We welcome and appreciate reviews of our work by recognized authorities, as well as informed debate, but when it comes to this particular reviewer Evolution of the Insects stands on its own merits and posterity shall prove a more enlightened and objective judge of our efforts.
David A. Grimaldi
American Museum of Natural History
Michael S. Engel
University of Kansas
Dr. Poinar responds:
While much could be said about the points raised in the rebuttal, I will limit my remarks to the following.

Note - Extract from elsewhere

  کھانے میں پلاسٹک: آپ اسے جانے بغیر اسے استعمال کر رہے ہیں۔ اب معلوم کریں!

It is surprising that Grimaldi and Engel state, "no one ever proposed that Rhyniognatha was a springtail." Such opinionated statements are counterproductive in science and indicate a lack of knowledge of the literature. If Grimaldi and Engel had read the classic work on fossil terrestrial arthropods edited by Rohdendorf, they would have noted that Martynova placed both Rhyniognatha Tillyard and Rhyniella Hirst and Maulik in the Family Protentomobryidae of the order Collembola (springtails) (Martynova, O. M. 1991. Subclass Apterygota. Primitive wingless insects. pp. 39-45 in Fundamentals of Paleontology (English translation of the 1962 work), Vol. 9, Rohdendorf, B. B. (Editor-in Chief). Smithsonian Institution Libraries and The National Science Foundation, Washington, D.C.).

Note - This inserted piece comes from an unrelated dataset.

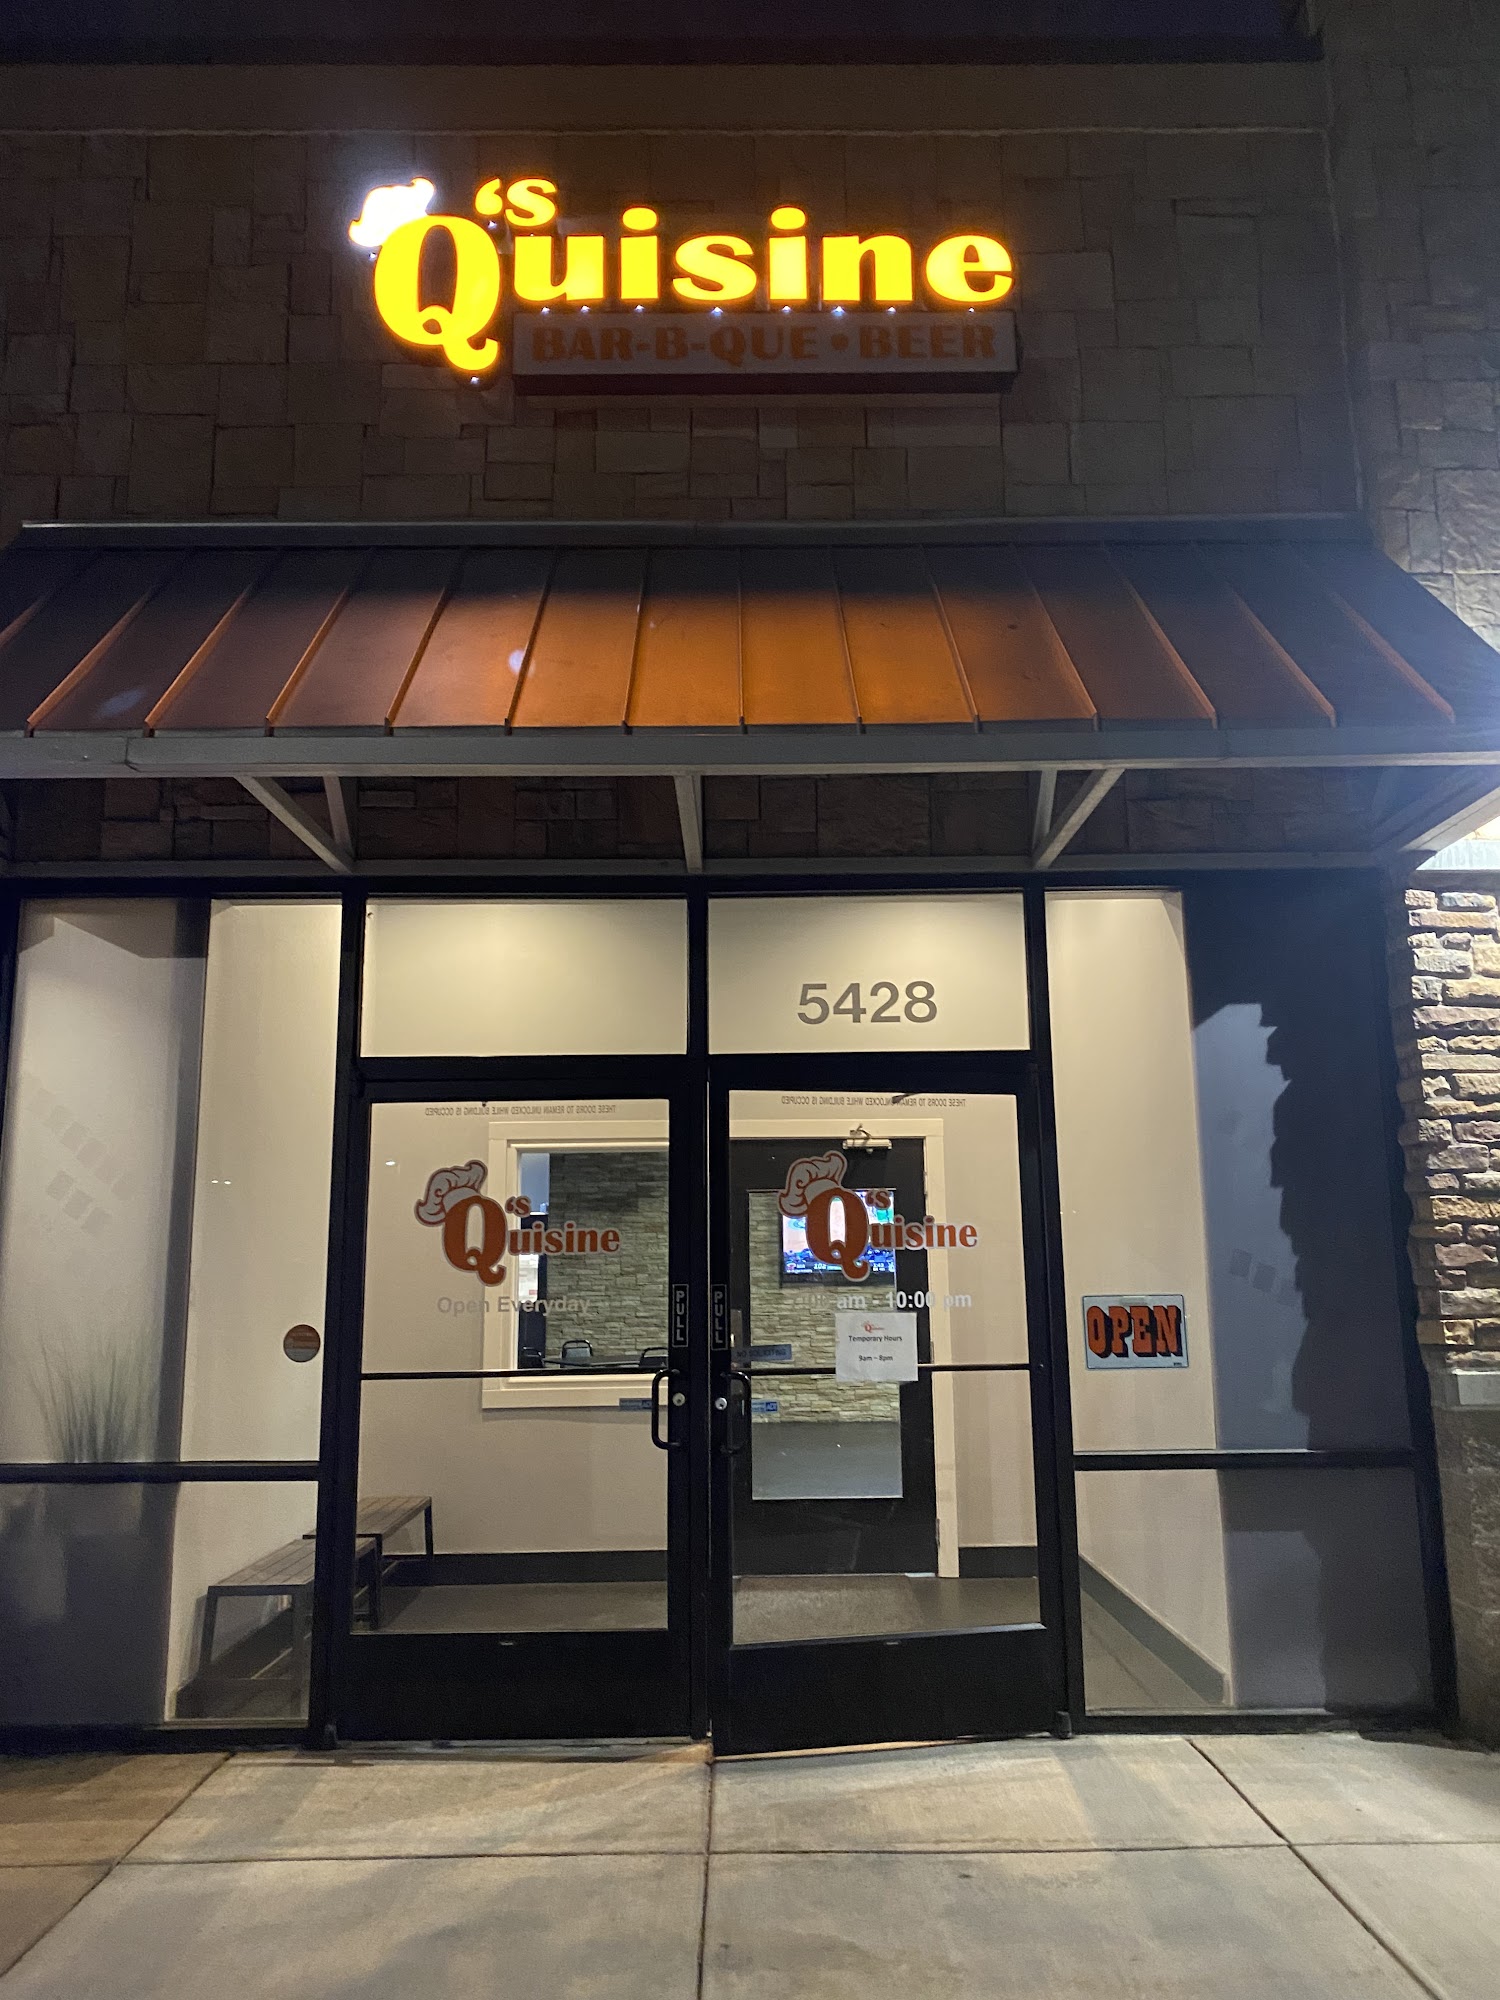 Q’s Quisine

Regarding the putative mosquito Burmaculex, it might be easier to identify this fossil if the describers were consistent with their interpretation of certain morphological characters. For instance, in the original description by Grimaldi, Engel and Nascimbene in 2002 (American Museum Novitates 3361:1-71), a slender structure with a double bend at its tip was regarded as a "maxillary stylet." When the official description of Burmaculex by Borkent and Grimaldi appeared in 2004 (Annals of the Entomological Society of America 97:882-888), this same structure was referred to as a "labrum." And in Evolution of the Insects, Grimaldi and Engel re-labeled the identical structure as a mandible, even though in the 2004 official description, it is clearly stated "Mandible not visible." Such inconsistencies serve to raise a red flag about both the specimen and the describer's ability to interpret the characters. Also, this feature is quite different from that found in female culicids (Harbach and Kitching. 1998. Systematic Entomology 23: 327-370) and cannot be used as evidence that Burmaculex is a mosquito.
Criticism and debate provide the basis for scientific progress by furnishing alternative interpretations of discoveries and hypotheses. The ultimate goal should be seeking the truth, not winning the argument. Grimaldi and Engel have undoubtedly expressed negative opinions of the works of others many times and should be able to accept criticism of their own studies. One is left to wonder why, if they have received so many "highly complimentary" reviews of their book, they are so concerned with one that is only moderately negative. Just because I personally believe that History of Insects by Rasnitsyn and Quicke is a more comprehensive and better organized treatise than Evolution of the Insects doesn't mean that others will not buy their book, if for no other reason than because it is much cheaper.